Researched: 2026-02-20 Domain: LLM-as-judge evaluation, static HTML report generation, confusion matrix visualization, curated example showcase Confidence: HIGH
This phase completes the evaluation framework with LLM-as-judge for semantic relevance scoring when exact matches fail, generates static HTML reports with aggregate metrics, creates confusion matrices for GL account error analysis, and curates hand-picked examples showcasing best/worst cases per approach.
The core technical challenge is implementing a reliable LLM-as-judge that can determine semantic equivalence between predicted and ground truth GL accounts (e.g., both "6801" and "6800" might be valid for "office supplies" depending on context). The project already has google-genai for Gemini Flash calls and scikit-learn for confusion matrix computation. Static HTML report generation uses Jinja2 (already a Flask dependency) with base64-encoded matplotlib/seaborn visualizations for self-contained, shareable files.
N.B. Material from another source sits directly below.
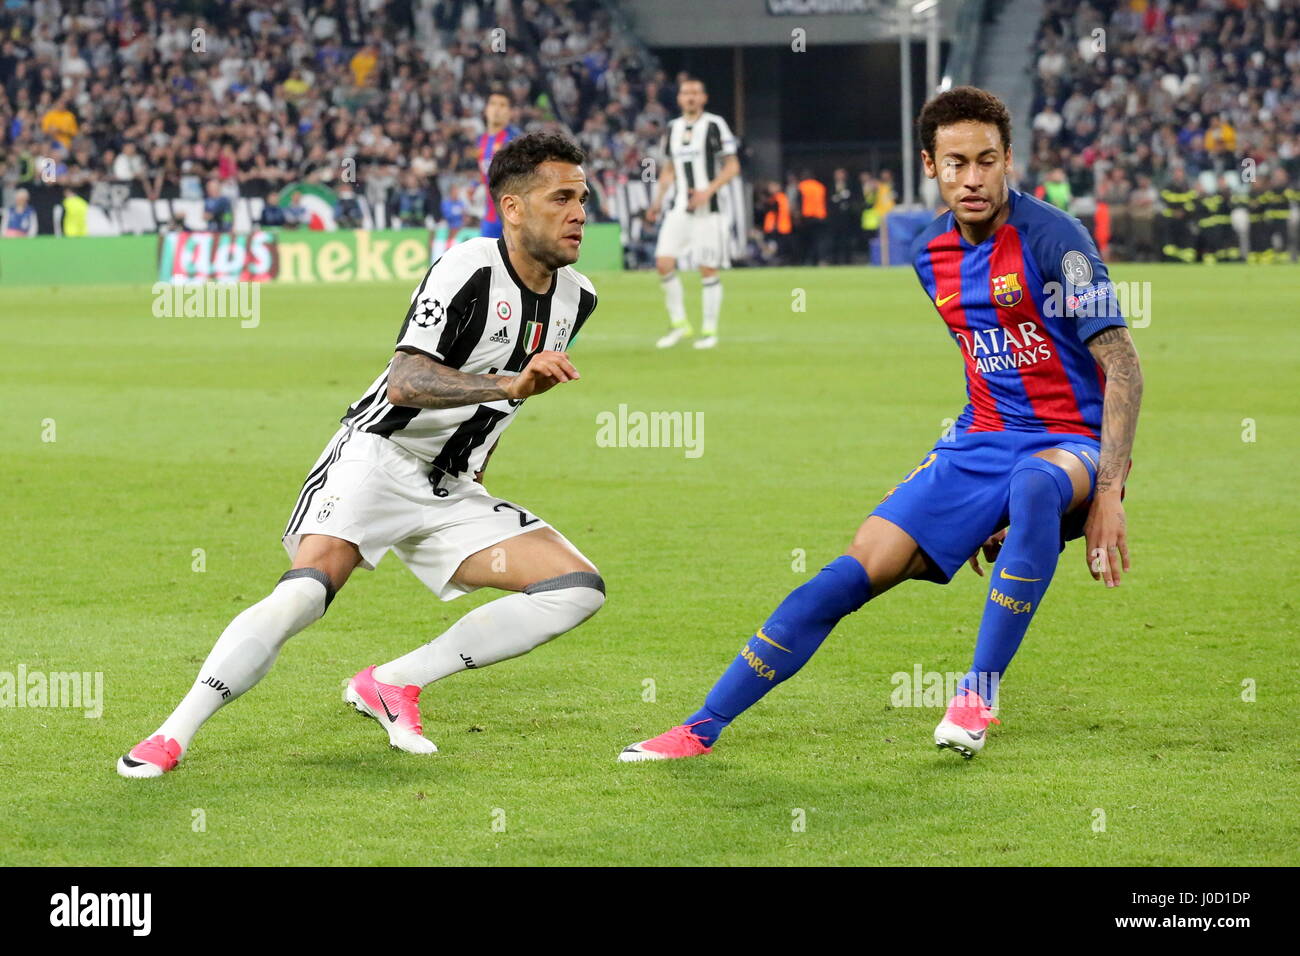 Turin, Italy. 11th Apr, 2017. Dani Alves (Juventus FC) and Neymar (FCB Barcelona) during the 1st leg of Champions League quarter-final between Juventus FC and FCB Barcelona at Juventus Stadium on April 11, 2017 in Turin, Italy. Juventus won 3-0 over Barcelona. Credit: Massimiliano Ferraro/Alamy Live News Stock Photo
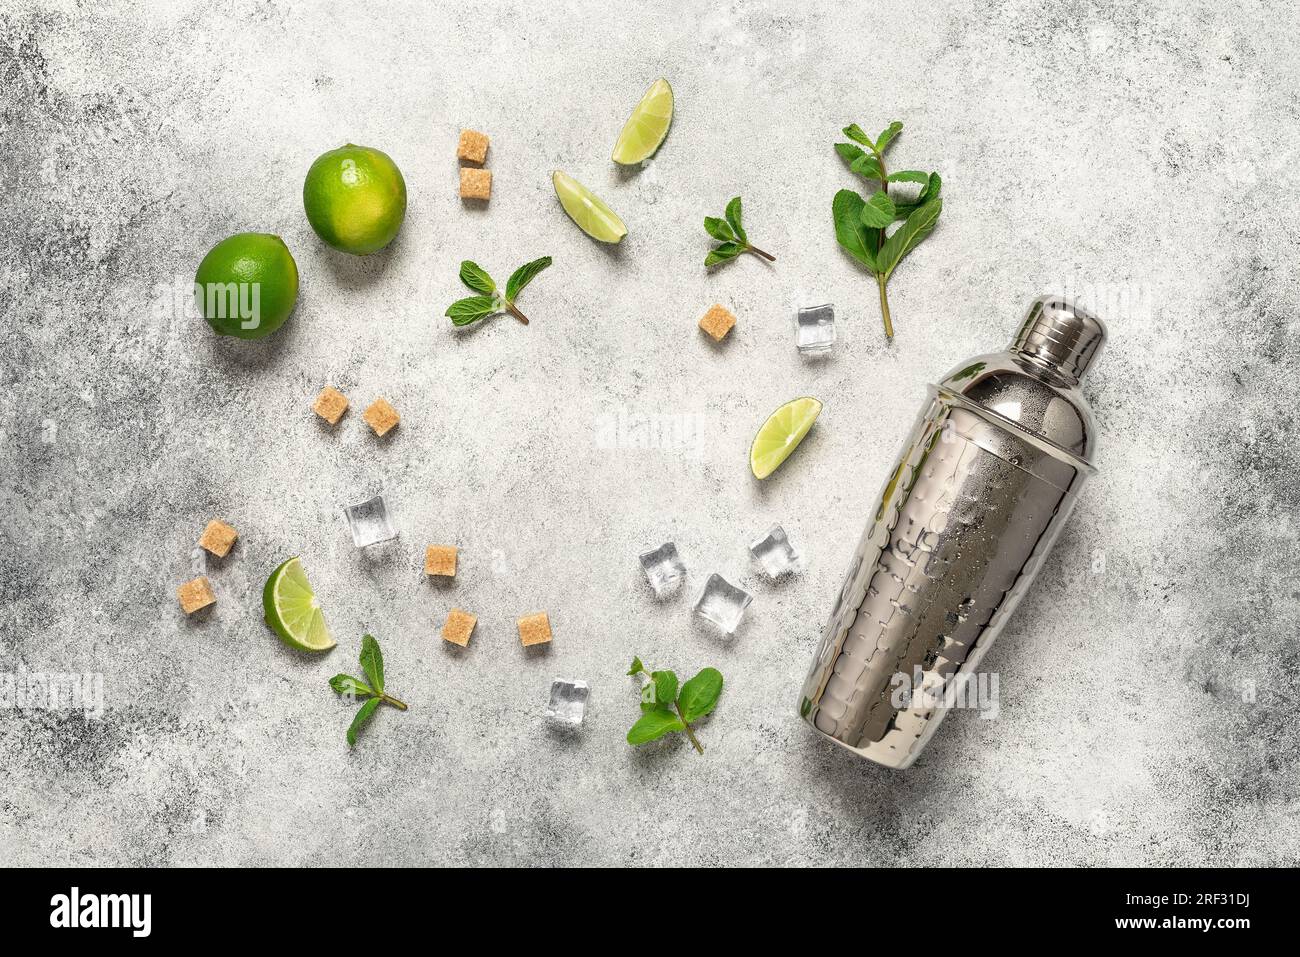 Ingredients for mojito frame, lime, mint leaves, shaker and cane sugar. Light gray vintage background. Top view, flat lay, copy space Stock Photo

The LLM judge should use a binary classification approach (semantically equivalent: YES/NO) with chain-of-thought reasoning and few-shot examples. Key best practices include: single-criterion prompts, explicit scoring rubrics, and confidence levels in the response. For confusion matrices, sklearn's confusion_matrix paired with seaborn heatmaps provides standard visualization. Hand-picked examples are selected by identifying prediction patterns: highest-confidence correct, lowest-confidence correct, highest-confidence wrong, and edge cases where models disagree.
Primary recommendation: Implement LLM judge as a standalone module invoked when exact match fails, generate self-contained HTML reports using Jinja2 with embedded base64 images, and use sklearn/seaborn for confusion matrix generation.
<user_constraints>
None -- all implementation decisions delegated to Claude.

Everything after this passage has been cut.